LAWFUEL – Price wars are public blessings. Ask anyone who has comparison shopped between Advanced Micro Devices and Intel microprocessors or bought a cheap Harry Potter novel thanks to fierce bookseller price battles.
In the last few months, the search engine business has experienced its own version of cutthroat competition: a privacy policy war, with Google, Ask.com and Microsoft vying to outdo one another in protecting their users’ personal information.
But it’s been difficult to make direct comparisons, in part because privacy policies tend to be written by lawyers for lawyers.
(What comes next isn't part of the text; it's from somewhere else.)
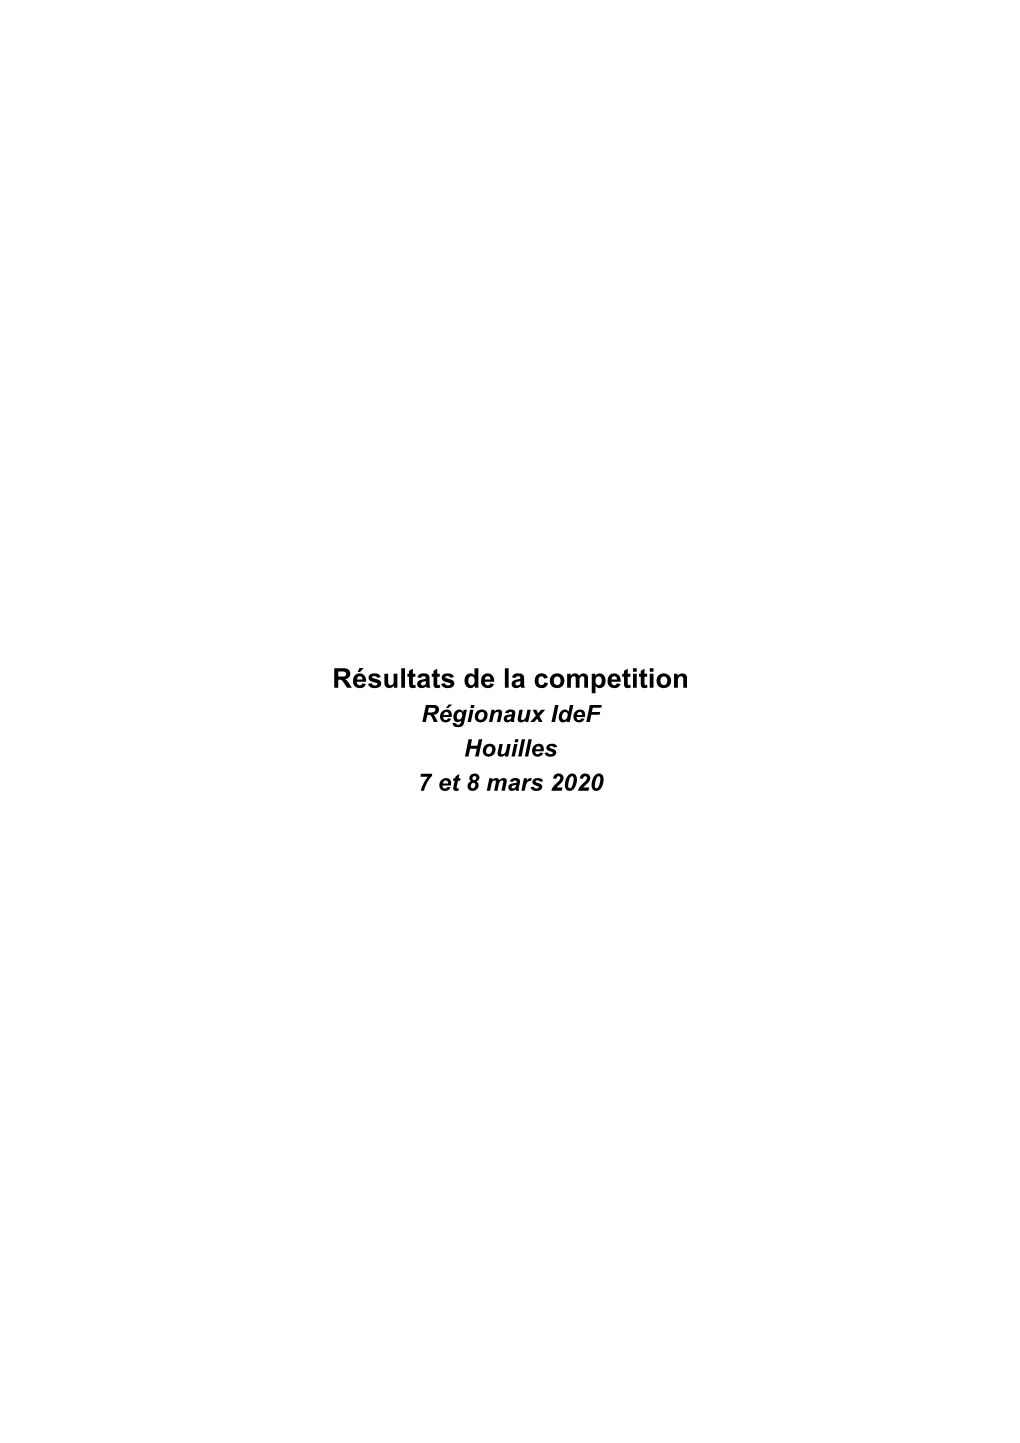 Résultats De La Competition Régionaux Idef Houilles 7 Et 8 Mars 2020 1

So CNET News.com did some of the work for you by surveying the five leading search companies.
Starting on August 6, we asked them eight questions, including how long they retain search data, how they eventually dispose of it, whether they engage in behavioral targeting, and whether they use information they have from user sign-ups to guide which ads are displayed. We asked follow-ups where necessary for clarification.
The verbatim results of the survey are posted in an accompanying story.
The answers suggest that, based on the questions we asked, Ask.com was the most protective of user privacy. In fact, only Ask.com said it would not record what users type into its search engine. (Smaller search engines, including ixquick, said this as well, but we limited our survey to the five largest engines.) Ask.com also said it did not engage in behavioral targeting, which refers to the practice of offering advertisements based on previous searches.
And the rest? Results were mixed. Google avoids behavioral targeting, but after 18 months it performs a partial anonymization of users’ Internet Protocol addresses–an action that’s not terribly privacy protective. Google dominates the search market: 53 percent of U.S. Web searches in June were performed on its site, according to Nielsen/NetRatings.